Il “maestro” di storie

di Rosanna Angelelli

Da decenni esperti di didattica della storia hanno riflettuto sulla necessità di proporre un insegnamento della disciplina che non si basi su un modello tradizionale trasmissivo e passivo, che non si serva esclusivamente della lezione frontale, della consultazione prevalente del manuale e della promozione di uno studio individuale da parte degli alunni, con pochissimo ricorso all’esame delle fonti e alla metodologia laboratoriale di ricerca. Le Indicazioni 2012 intendevano valorizzare questa impostazione, sebbene non se ne siano curati quegli approfondimenti formativi necessari agli insegnanti per migliorare la qualità didattica e rendere più efficaci i percorsi di ricerca-azione.

 Nel ventennio berlusconiano l’insegnamento della storia è stato di fatto negletto nei suoi possibili rinnovamenti teorici e metodologici, al punto che il tema di storia è scomparso dalle prove scritte degli Esami di Stato, e tante questioni sono rimaste aperte sulla didattica di una disciplina che continua a essere impartita solo oralmente, così come è raro che se ne chieda un rinforzo o un recupero per quegli alunni che incontrino difficoltà ad apprenderla. In questo modo, tante sono le domande che ci si continua a porre sui suoi possibili percorsi: quale tipo di narrazioni è meglio scegliere (microstorie, grandi eventi, fenomeni politico sociali, fenomeni di costume)? E con quali periodizzazioni (iniziare dalla storia contemporanea o dalla così detta preistoria, oppure andare avanti per concetti, o sulla base di quadri culturali)? O da quali canali prendere in prestito i dati (dalle fonti scritte, da quelle orali, dai mass media)? E poiché nella scuola pubblica italiana l’intento formativo è strettamente connesso con quello istruttivo, tra le finalità della storia si finisce per evidenziare un obbiettivo pedagogico-civile formulato in un modo ancora caro all’idealismo gentiliano, che privilegiava lo studio del passato rispetto alla contemporaneità, infarcendo il passato di tante e tali periodizzazioni che ben difficilmente si arriva tuttora a considerare in classe  i fatti della II guerra mondiale.
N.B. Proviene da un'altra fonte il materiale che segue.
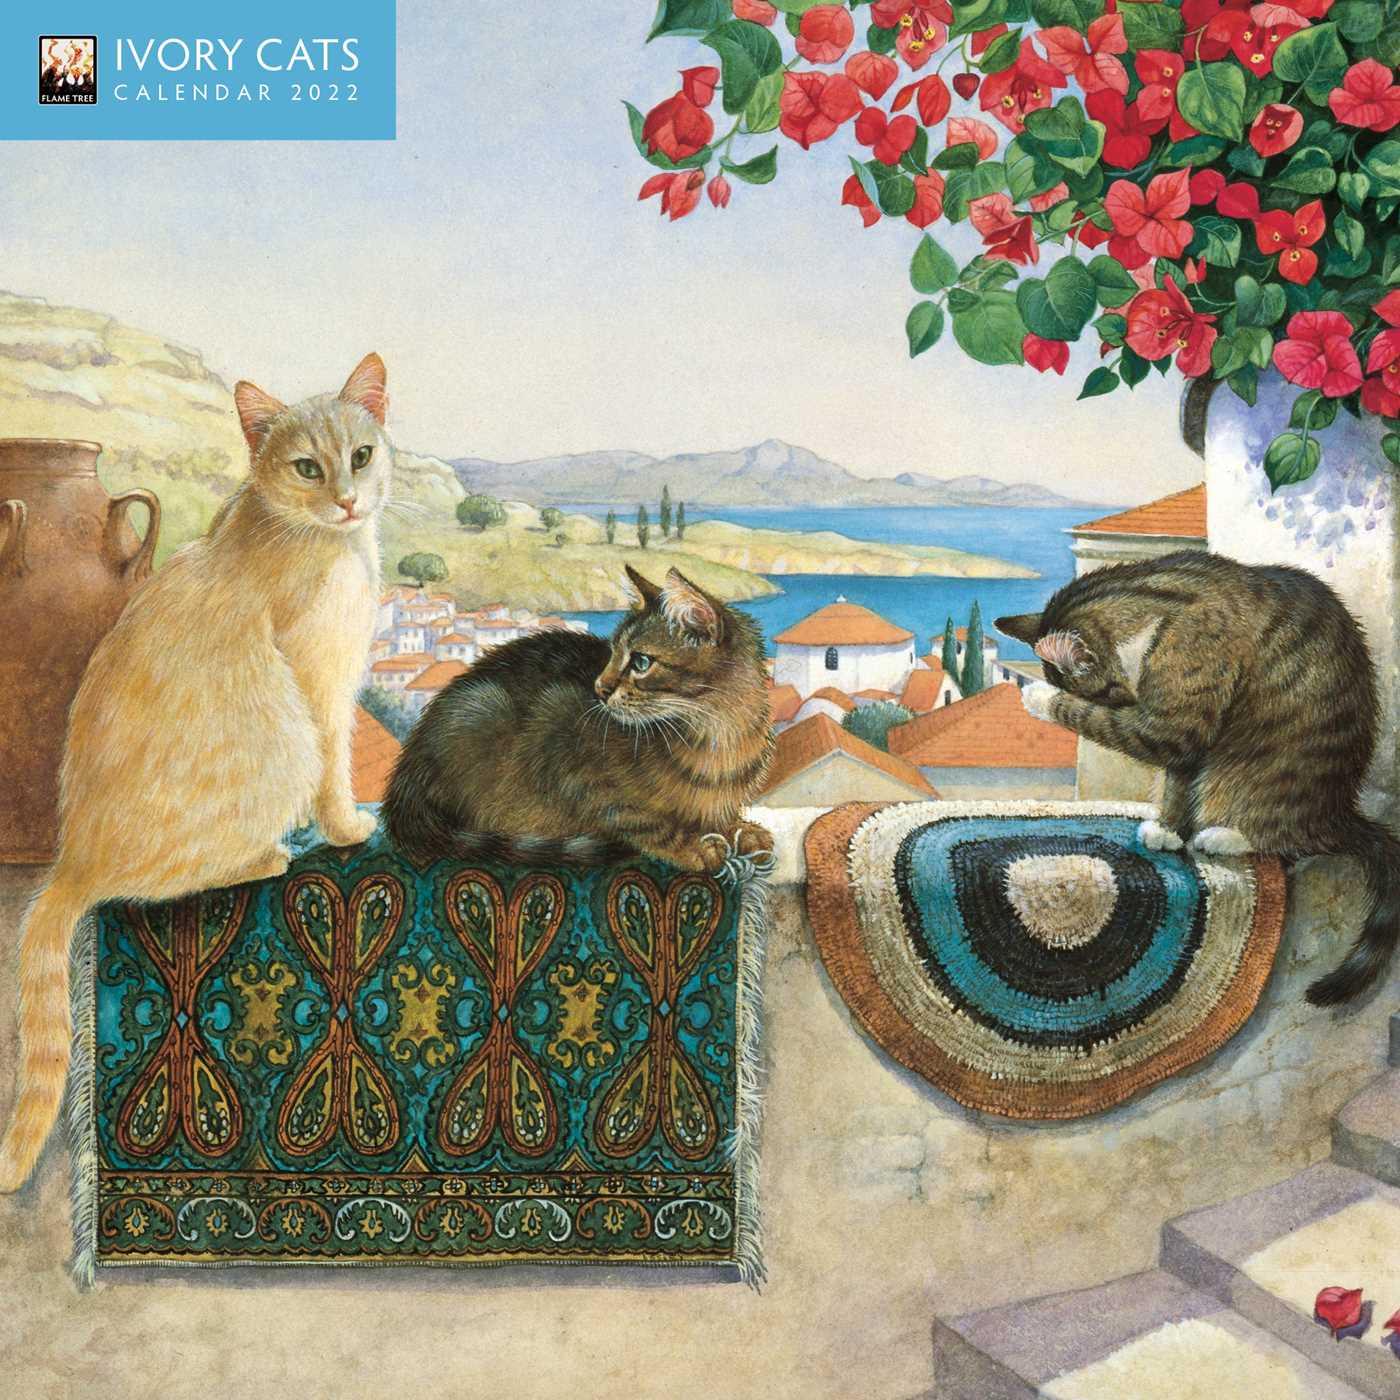 Cat Calendar 2022.Ivory Cats Mini Wall Calendar 2022 Art Calendar Book Summary Video Official Publisher Page Simon Schuster

Anzi, si fa cadere lo studente in una vistosa contraddizione formativa (ignorare il proprio presente) e peggio ancora in una anacronistica precettistica, specie se passeranno i provvedimenti dell’attuale Ministro del Mim.

Infatti, da una parte si vorrebbe plasmare l’alunno della scuola dell’obbligo su un profilo di cittadinanza in erba disciplinato, laborioso e responsabile, aggiornato su certi argomenti della contemporaneità (per esempio, le questioni ambientali, di genere, o il pacifismo, o la lotta alla illegalità) comunque dettagliate dall’alto dal Ministero (ci riferiamo alle Linee Guida per l’educazione civica, che si sono affrettate a prescrivere taluni temi e percorsi, frenando la libertà dell’Autonomia scolastica su scelte diverse); dall’altra, gli si vorrebbe predisporre, sin dalle prime classi della primaria, un retorico bagaglio di memorie e di exempla leggendari remoti,  da cui trarre alimento  per la costruzione di una presunta anacronistica e nazionalistica cittadinanza “all’occidentale”.

Come il giovanissimo potrebbe districarsi da questa contraddizione? Non vediamo facili vie d’uscita oltre alla consolidata ipocrisia. Vale a dire, a scuola, lo studente impara a riverbalizzare ciò che il maestro e i sussidi didattici, tra cui i manuali sempre più bulimici, gli presentano; a casa, poi, egli approfitta dei sussidi della rete, che gli dà l’illusione dell’effetto di realtà, togliendogli anche la fatica di scegliere e sintetizzare, del “dirlo con parole proprie” e di cercare di elaborare un pensiero riflessivo personale.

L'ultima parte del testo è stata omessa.